A few parameters in the code above should be tuned by the user. First, a delta parameter which is used to calculate the upper and lower bound. The larger this parameter, the further away from the mean the drifting points need to be to be classified as drift. Moreover, a window parameter which restricts the number of days in which drifting points can be detected to a limited time window. This parameter ensures that the drifting points are close enough, for if they are too far apart, they are noise and not drift. A larger window reduces false negatives at the expense of an increased risk of false positives. Lastly, the minPoints parameter refers to the number of data points that should fall outside the upper and lower bound for drift to be detected. The larger the value, the lower the risk of capturing false positives. Since there is a tradeoff between accuracy and false alarms when tuning these parameters, experimenting with different values is encouraged to find ones that fit the use case and the user’s risk tolerance.

To put SPC to the test, a random forest regressor model was trained to predict sales quantities from August 2018 onwards for the same time series we saw earlier.

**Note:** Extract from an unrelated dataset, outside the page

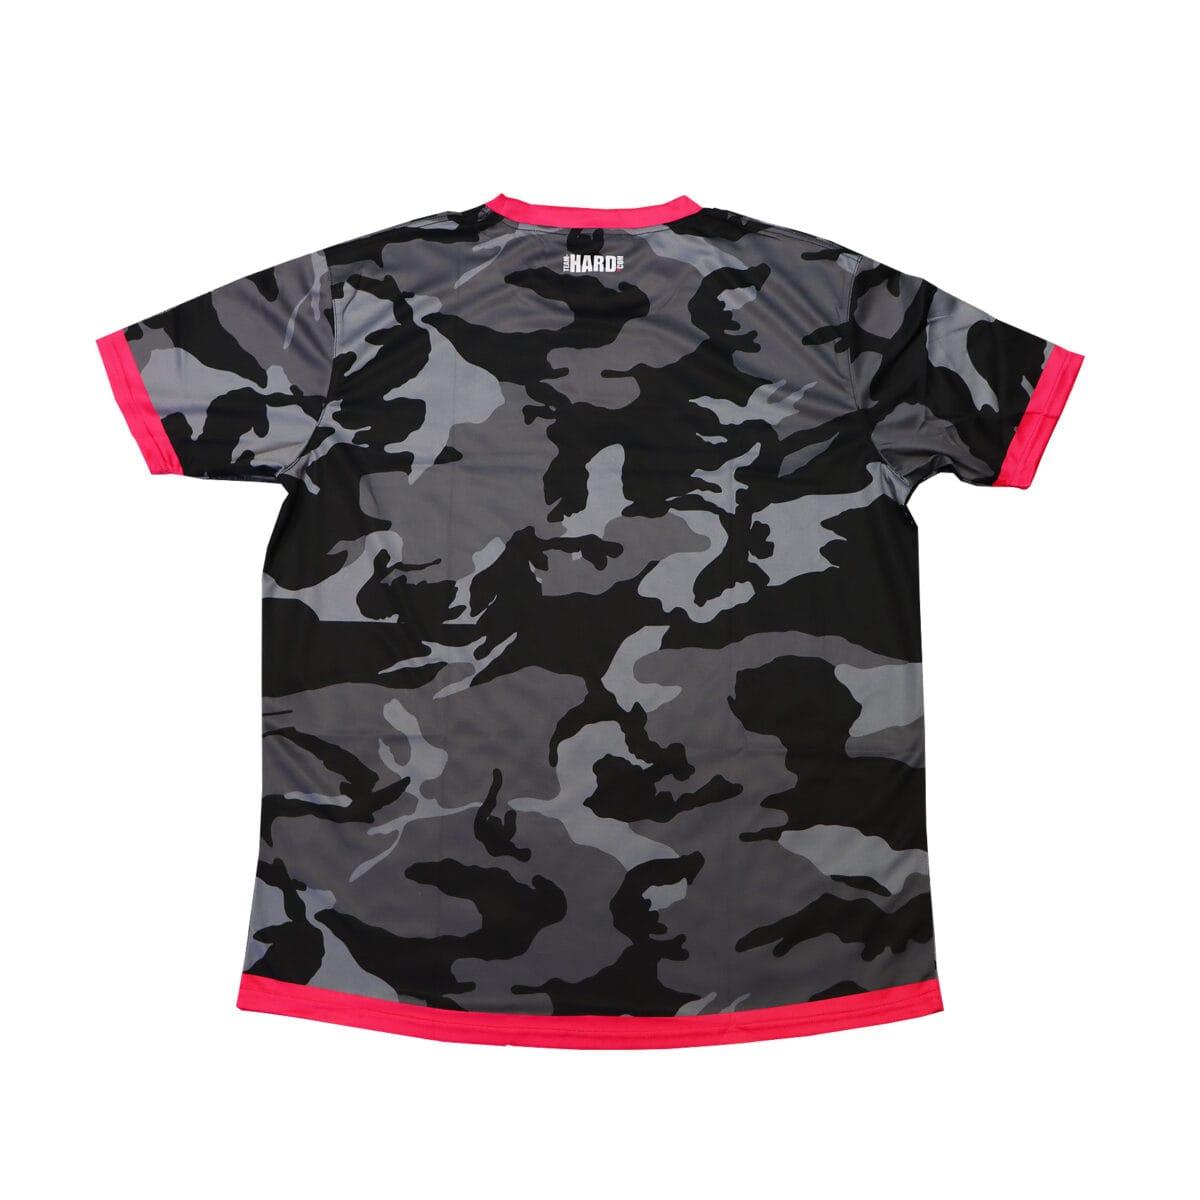 Team hard football t shirt

The algorithm detects drift if, in a window of 30 days, 10 days are beyond the upper or lower bound. Drift was indeed detected when it started occurring in July 2020 as can be seen below. Also, the preceding spikes were not detected, as they should be given that they are noise - this is ensured by tuning the minPonts parameter.

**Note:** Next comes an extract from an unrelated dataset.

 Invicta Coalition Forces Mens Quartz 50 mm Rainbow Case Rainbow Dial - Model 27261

In practice, the mean and standard deviation of the test set should be used as a baseline to which residuals of a deployed model are compared. This is recommended as one would like to discover whether a model’s performance has changed in comparison to what it was tested on during development.

Process Control Chart

Conclusion

We uncovered what drift is and why it is problematic. We also discussed different rates at which drift could occur and demonstrated how a model's performance can be tracked using SPC. If interested in further resources, the reader is referred to the following Github repository for the full code along with other drift detection algorithms. This repository is part of the writers’ master’s thesis project titled “Impact of Concept Drift on Predictive Performance in Time Series Forecasting” in collaboration with element61.